Повернулся и молча вышел в снежную морочь.
* * *
Эта ночь в родном доме, где впервые в жизни он остался один, бесконечная эта ночь тянулась, как запряжённая в тяжёлый воз памяти.
Он всюду включил свет и ходил из комнаты в комнату, застревая в каких-то уголках, задумываясь перед знакомыми предметами… Прилёг на неубранную мамину кровать, полежал, мысленно пытаясь представить последние её перед ударом минуты. Здесь. Вот здесь лежала… почувствовала приближение чего-то страшного, может, ещё не понимая… Поднялась, прошла несколько шагов… даже дверь успела открыть. Зашаталась и сползла на пол… А ведь он даже не знал, принимала ли она таблетки от давления. Будущий врач! Ни разу не поинтересовался – как ты, мама, себя чувствуешь. Просто она всегда была молода, всегда далека от… всех этих физических немощей. Он знать не знал, что мама состарилась. Ему никто не доложил. Он и не желал этого знать.
– Ма-а-ама… – позвал шёпотом в тишине комнаты. – Ма-а-ам!

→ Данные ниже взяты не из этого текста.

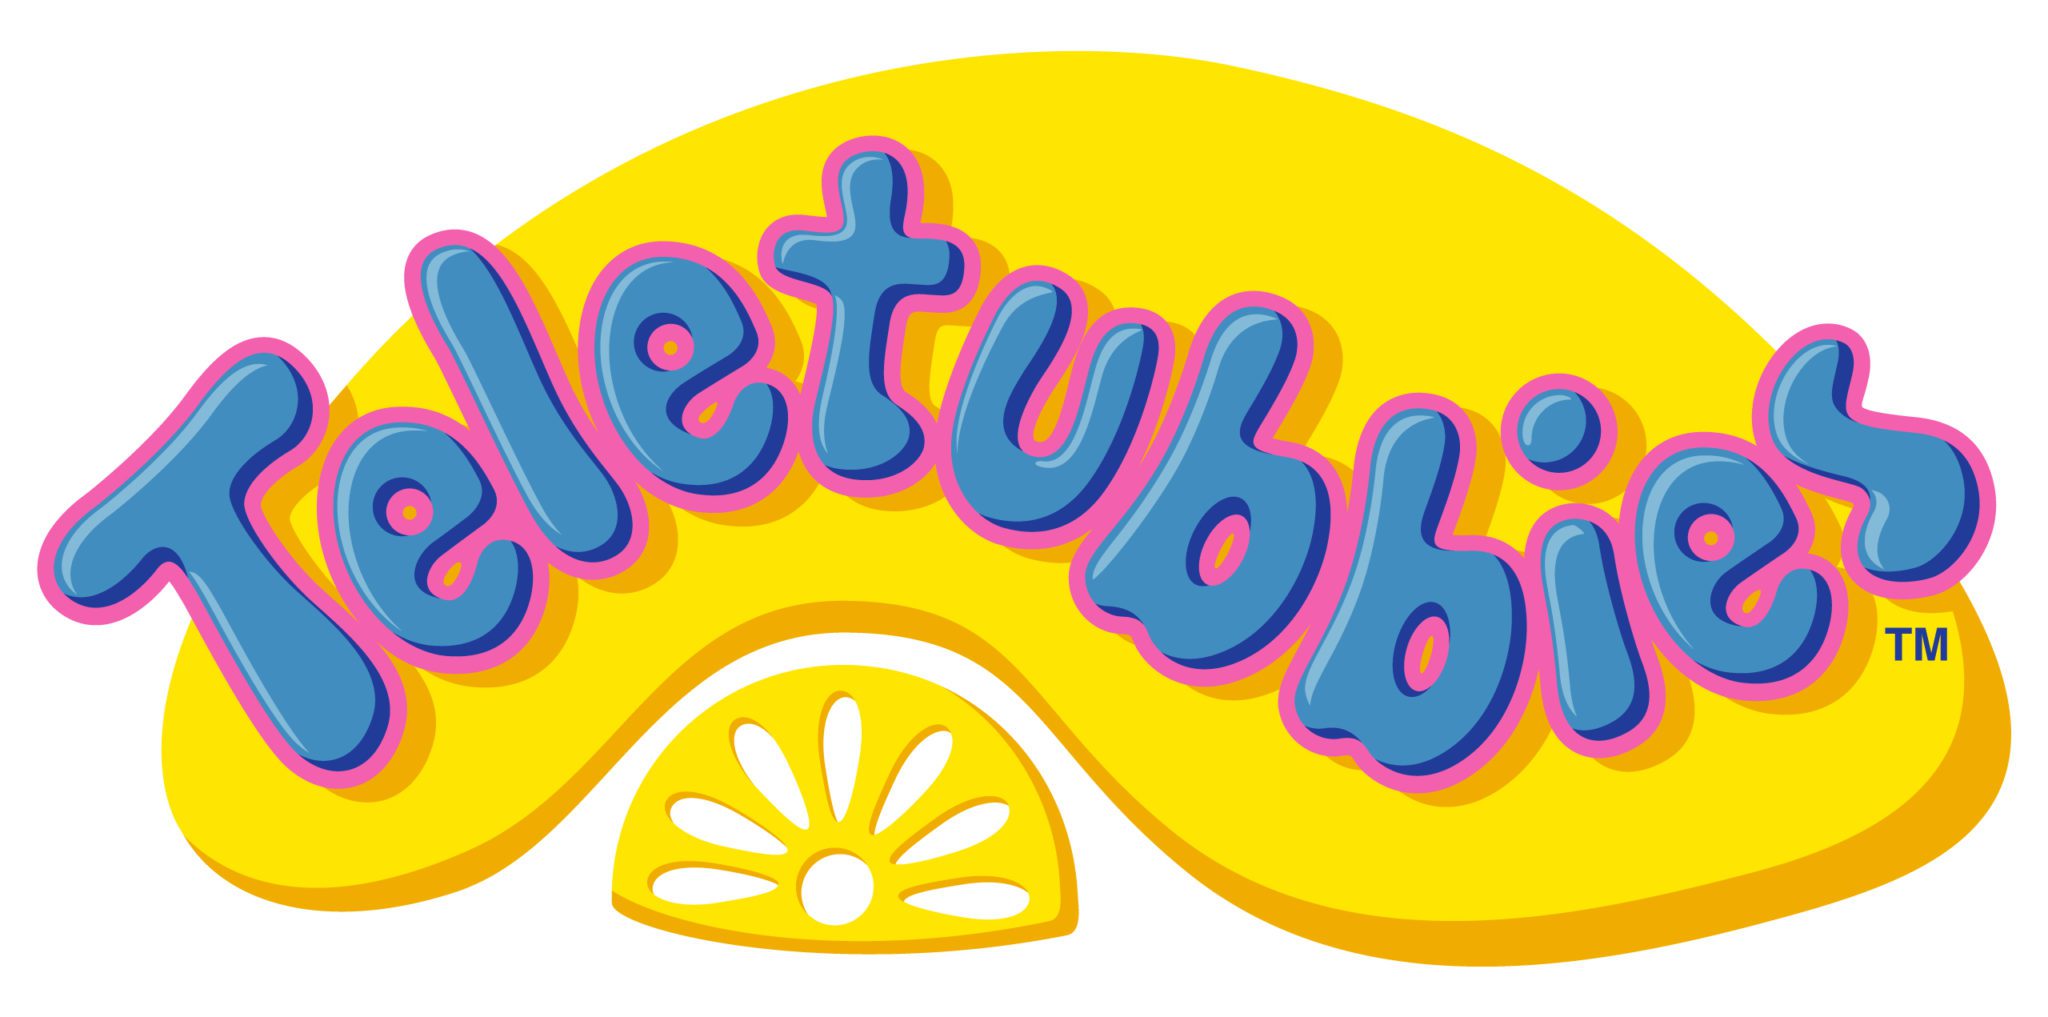 This is an image of the Teletubbies logo.

Не в силах заснуть, часа два разбирал барахло в кладовке, в холодной прихожей, надеясь найти ещё какие-то бумаги, следы, незнакомые вещи в пошарпанной шкатулке, – что-нибудь, что могло содержать подробности маминого происхождения, её семьи… Да он и сам не знал, что ищет. Зато обнаружил множество разных предметов, в которых память мгновенно воскресила его детство, и даже то время, родительское и Светланино, которое уже пребывало только в вещах: детскую серебряную ложку с эмалированным коричневым медведем на витой рукоятке; сахарницу с надбитой ручкой и бархатно-бордовой розой на боку – понятно, что мама не могла с ней расстаться: она обожала насыщенные цвета. Половник с вылезающим на потёртостях сквозь тонкий слой по-серебрения жёлтым металлом (вспомнилось: мама называла это «фраже»); железную коробочку с иголками для патефона, множество аптечных пузырьков тёмного стекла с рецептом, прикреплённым резинкой… В глубине широкой полки ещё батиной рукой была выстроена пирамида из кусков старого хозяйственного мыла, бог знает сколько лет невостребованного.